In your code example, change:

System.out.println( Arrays.asList(files ));

to:

for(int i=0, length=Math.min(files.length, 10); i<length; i++) {
    System.out.println(files[i]);
}

Answer 2

Getting all the files and then sorting it is the only 'correct' way as per the specifications. But here is another approach which is a hack that uses the FileFilter as a visitor and does an on the fly insertion sort. On my machine the performance was about 4 times better on a directory with 2300 files (an image directory)

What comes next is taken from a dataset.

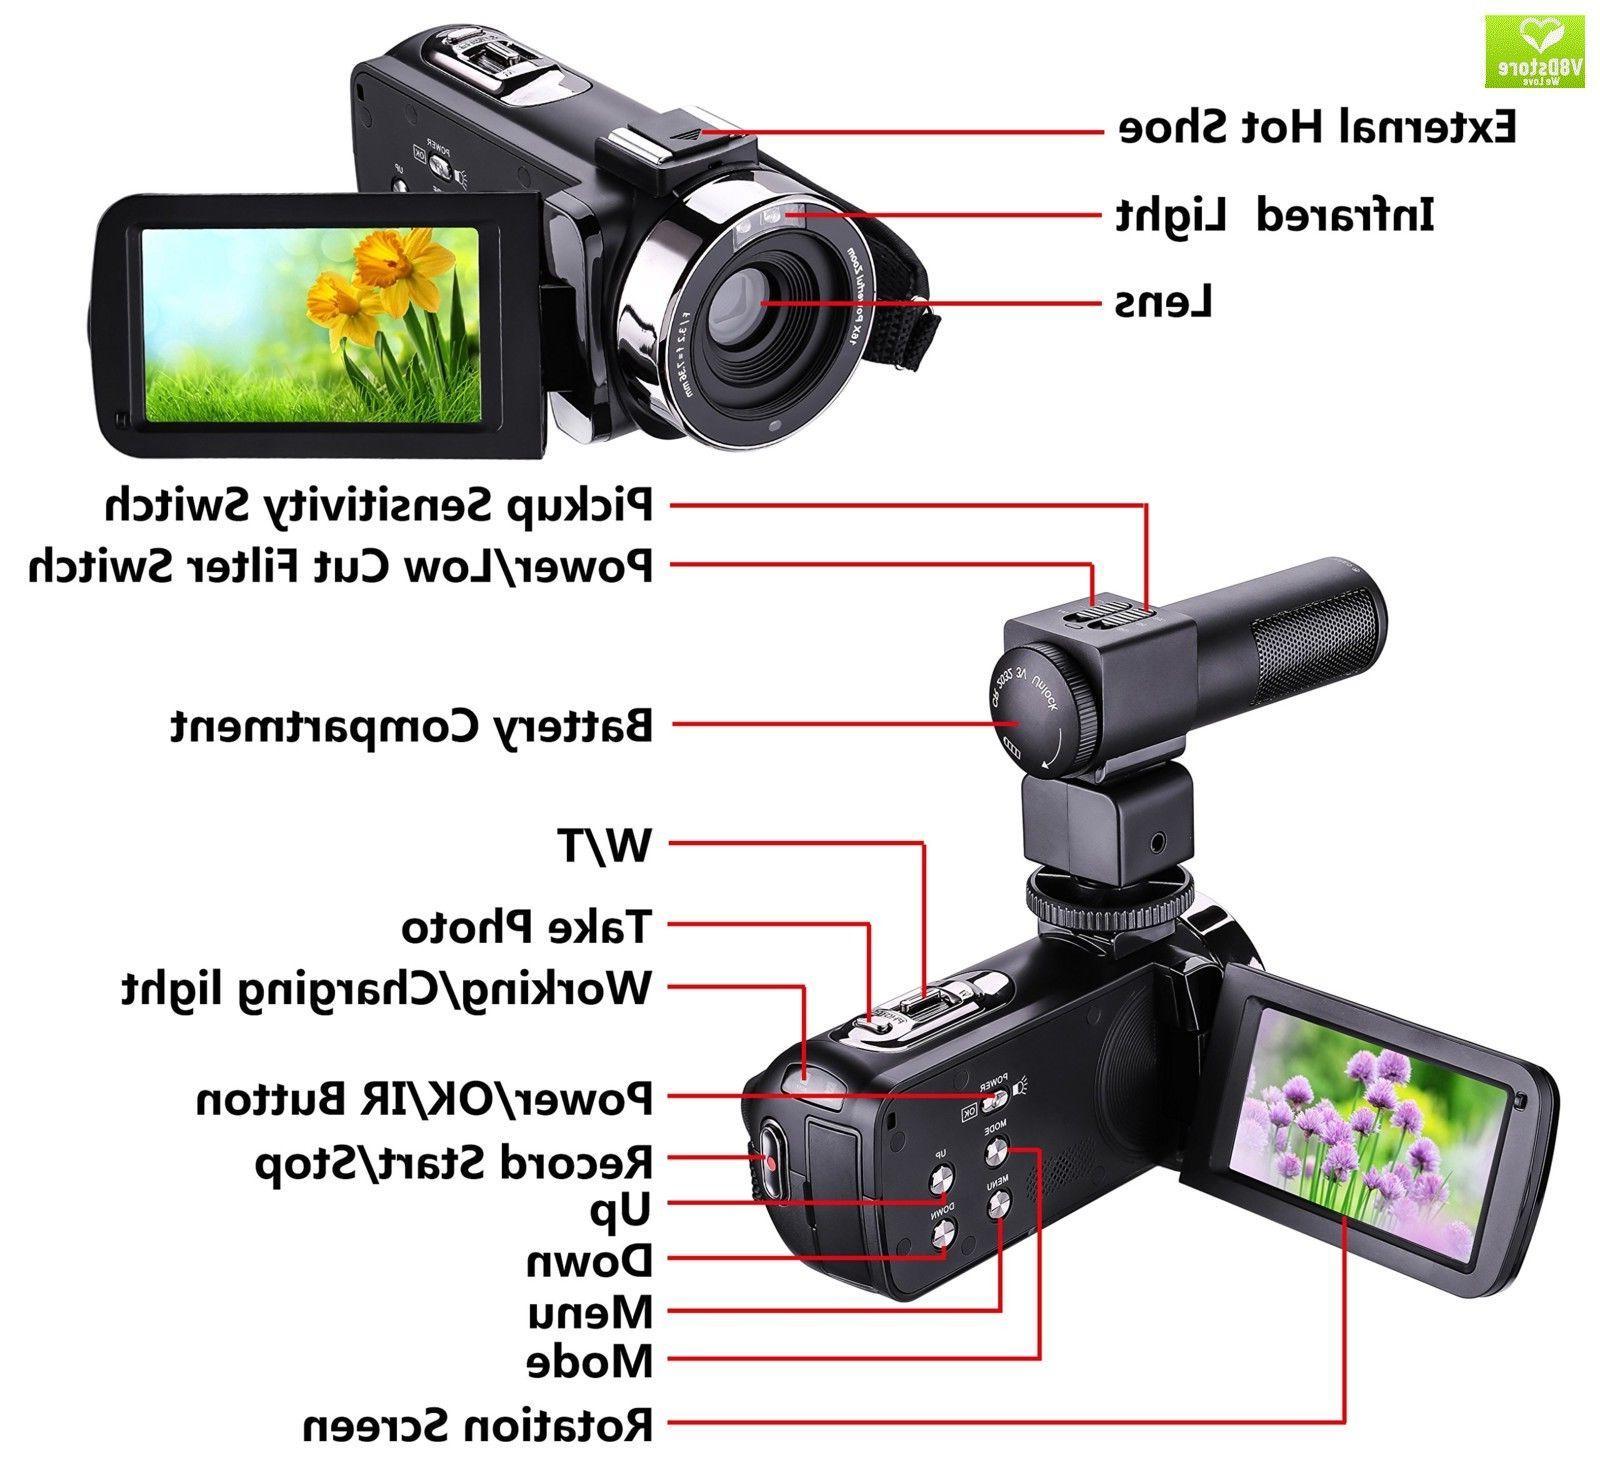 camera camcorder remote control infrared night vision
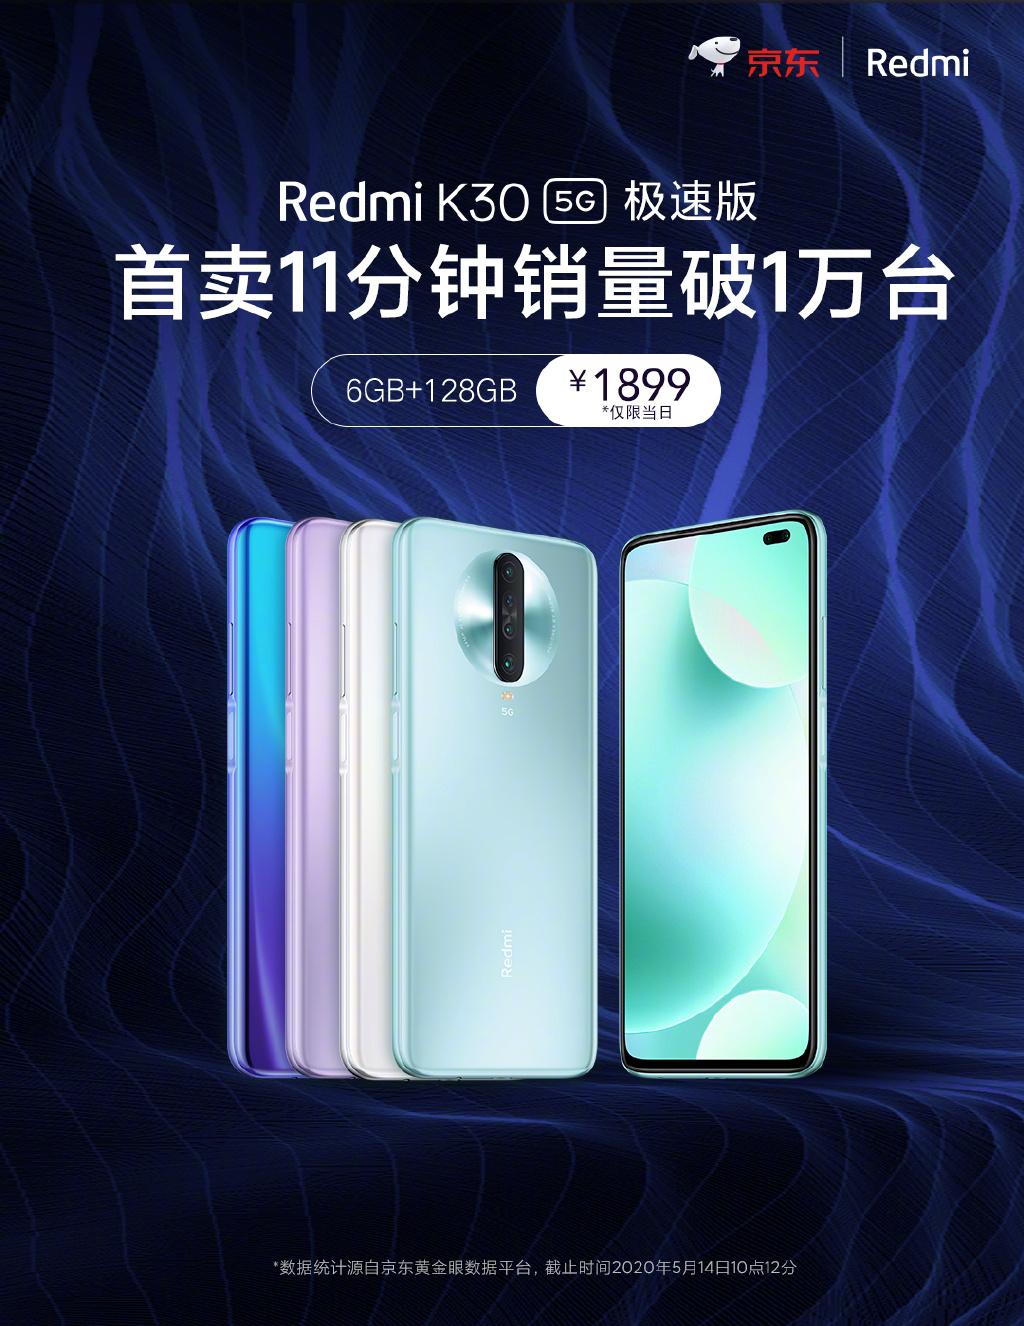 Redmi K30 5G极速版首销:11分钟破万台

private File[] getTopFiles() {
    File dir = new File("C:\\icons_svr");
    SortFilter filter = new SortFilter(10);
    dir.listFiles(filter);      
    File[] topFiles = new File[10];
    return filter.topFiles.toArray(topFiles);
}

Code for InsertionSortFilter:

    class SortFilter implements FileFilter {

        final LinkedList<File> topFiles;
        private final int n;

        public SortFilter(int n) {
            this.n = n;
            topFiles = new LinkedList<File>();
        }

        public boolean accept(File newF) {
            long newT = newF.lastModified();

            if(topFiles.size()==0){
                //list is empty, so we can add this one for sure
                topFiles.add(newF);
            } else {
                int limit = topFiles.size()<n?topFiles.size():n;
                //find a place to insert
                int i=0;
                while(i<limit && newT <= topFiles.get(i).lastModified())
                    i++;

                if(i<limit){    //found
                    topFiles.add(i, newF);
                    if(topFiles.size()>n) //more than limit, so discard the last one. Maintain list at size n
                        topFiles.removeLast(); 
                }
            }
            return false;
        }

    }

Answer 3

The operating system doesn't take a sorting routine in asking for files. As a result, the only solution is to grab all files (to ensure that you don't skip over one of the ones you want) and to sort them yourself.

File systems do typically provide routines to grab files based on their file name, and Java exposes this through a list(...) which takes a FileFilter parameter.

In Java 1.7 (whenever they release it), there are new File oriented facilities which will allow you access to an abstraction of the underlying file system. With such facilities, one could conceivable create a file visitor, but that won't help the situation much, as you have no idea which files you may skip without actually looking at it's modification time. This means that even with a visiting interface, you'll still have to check the modification time of every file to make sure you didn't miss one of the ten files you wanted.